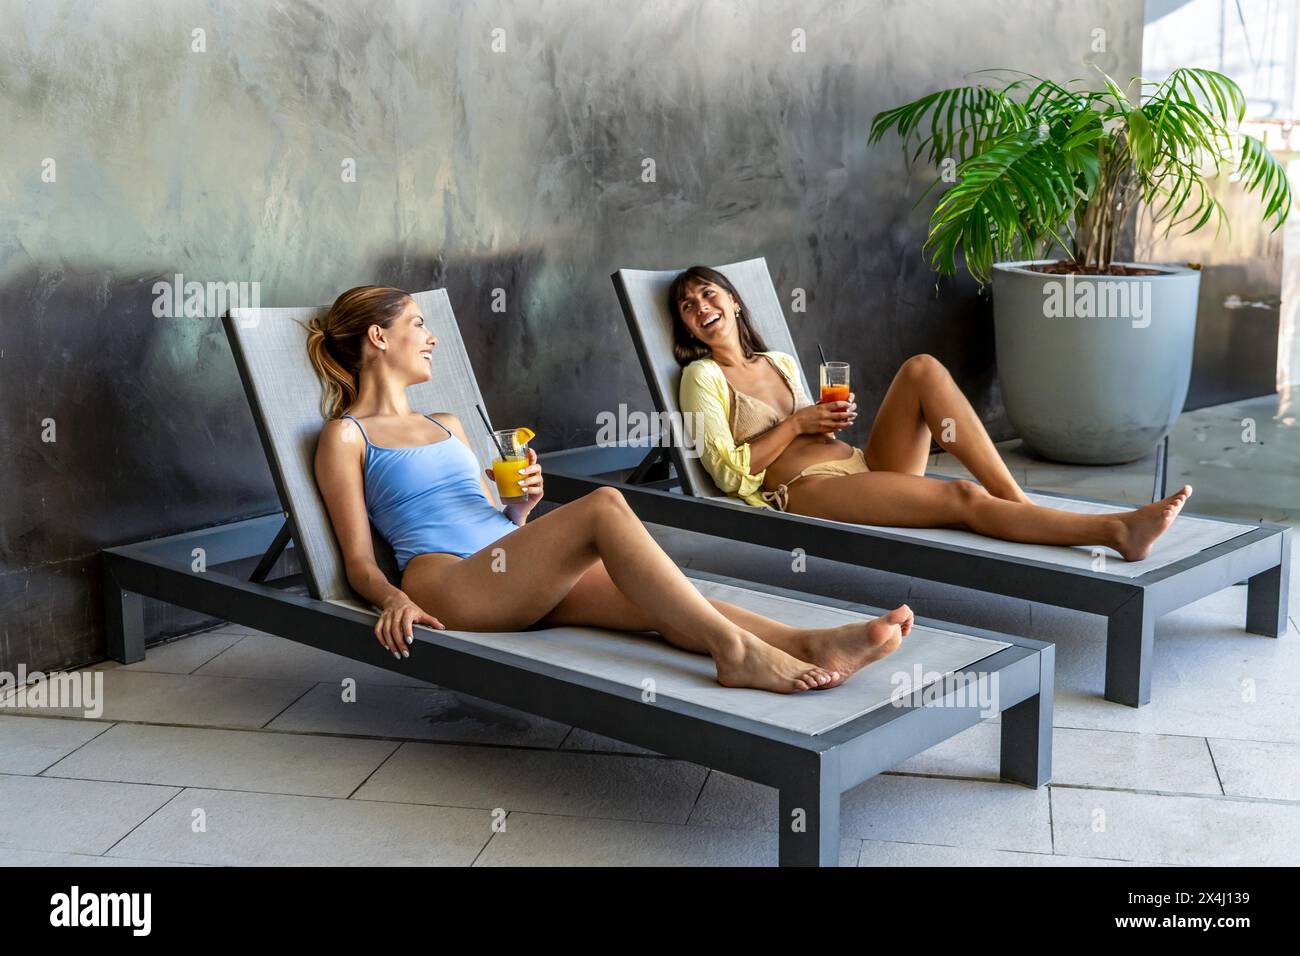 Deux amies rient et boivent du jus dans la piscine d'un hôtel chic Banque D'Images
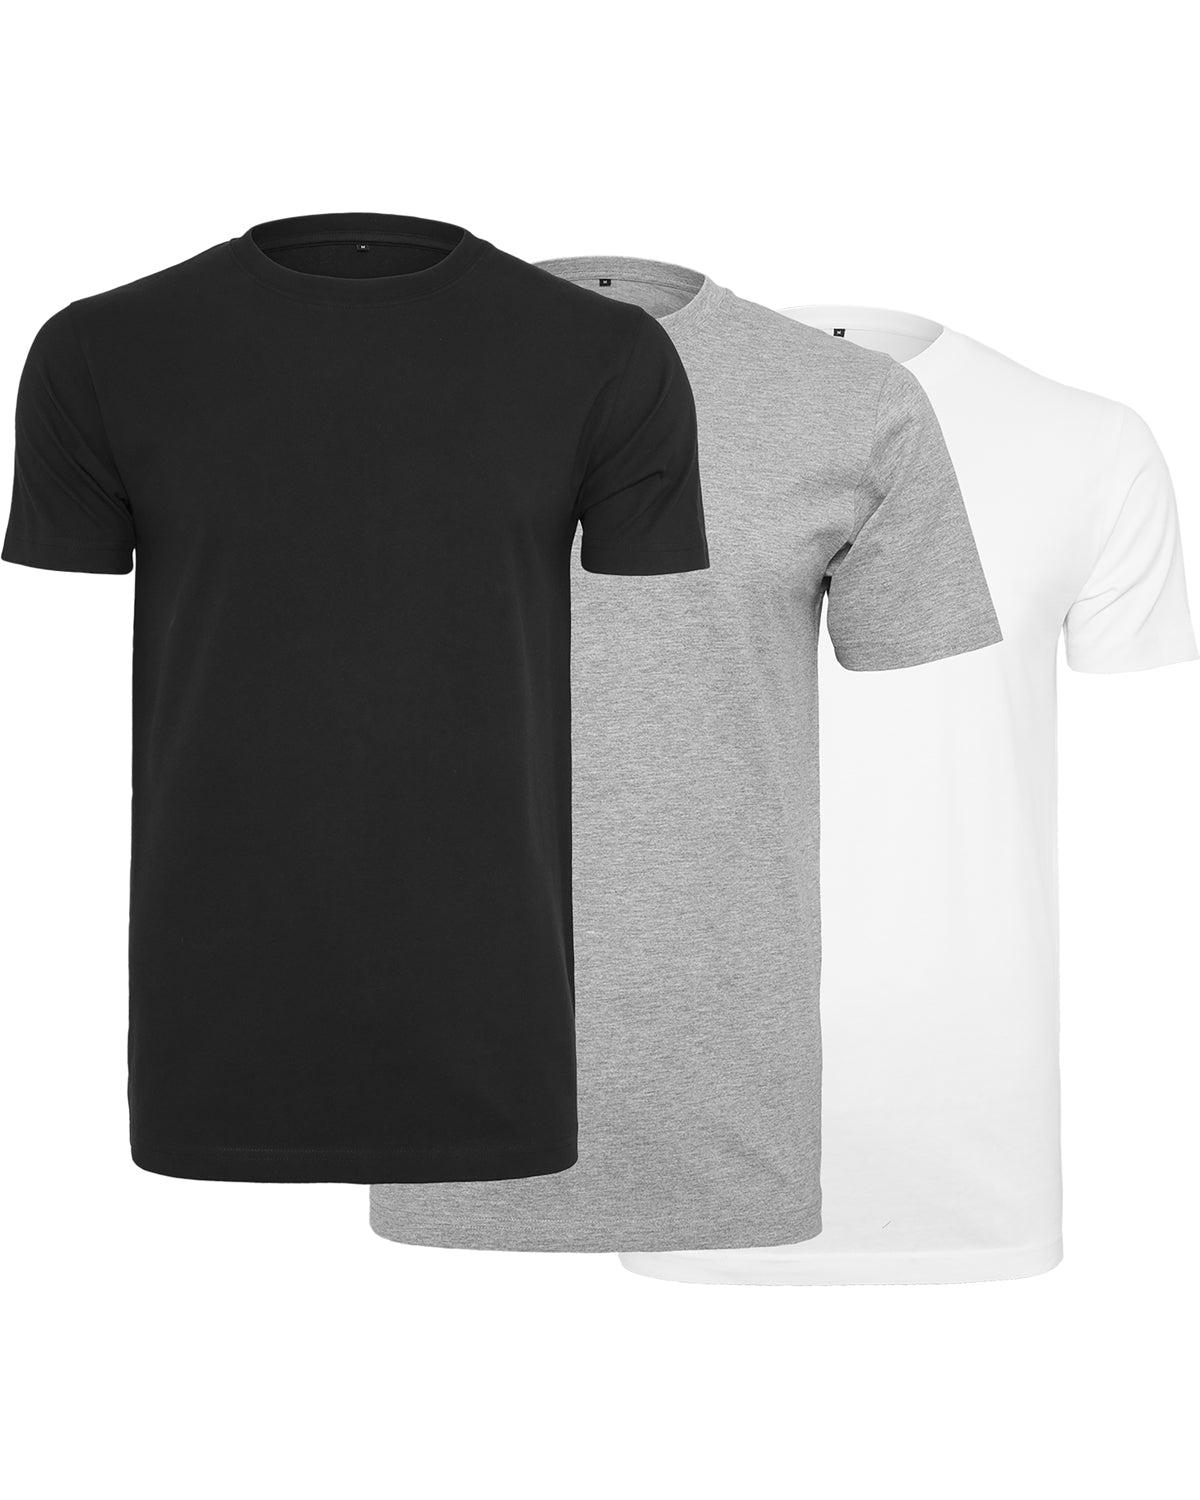 Disturb Clothing Round neck t-paita 3-pack - Musta/Harmaa/Valkoinen
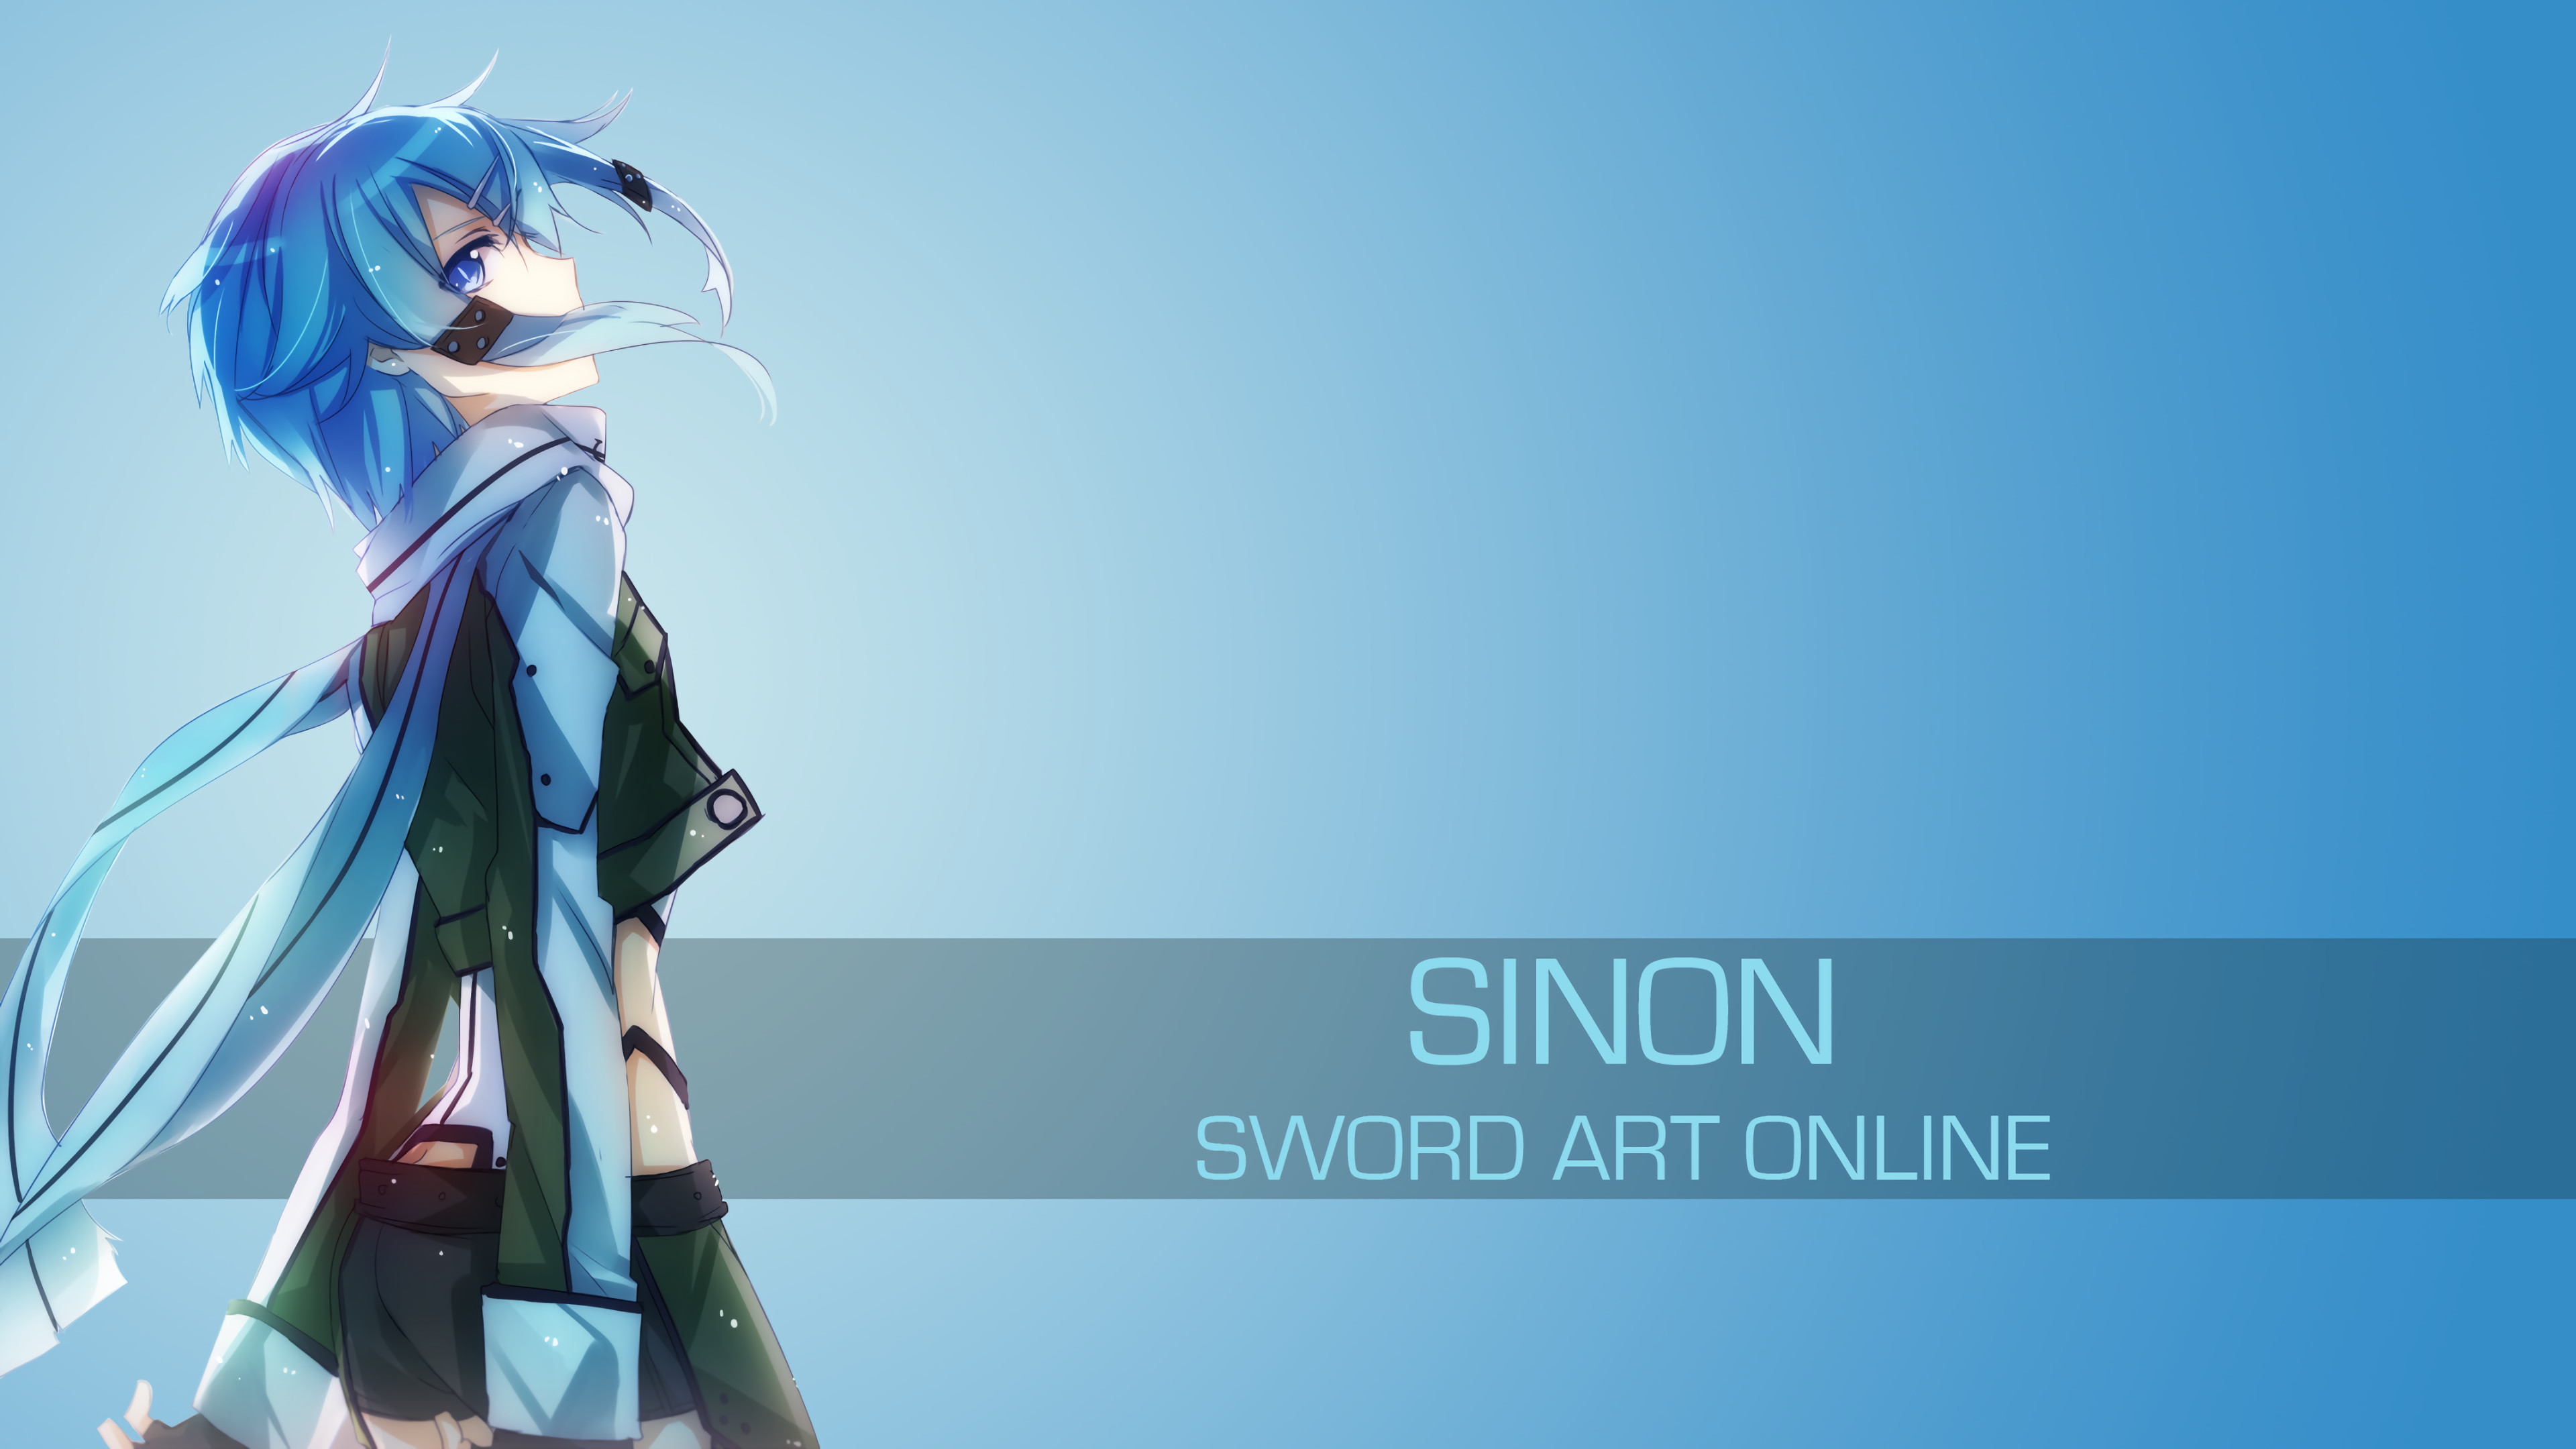 3840x2160 ... Sword Art Online-Sinon 1 by spectralfire234

**The task:** Output the whole listing without change. Any picture is to be left out.

**Worked solution:**
 Deux amies rient et boivent du jus dans la piscine d'un hôtel chic Banque D'Images
 Disturb Clothing Round neck t-paita 3-pack - Musta/Harmaa/Valkoinen
 3840x2160 ... Sword Art Online-Sinon 1 by spectralfire234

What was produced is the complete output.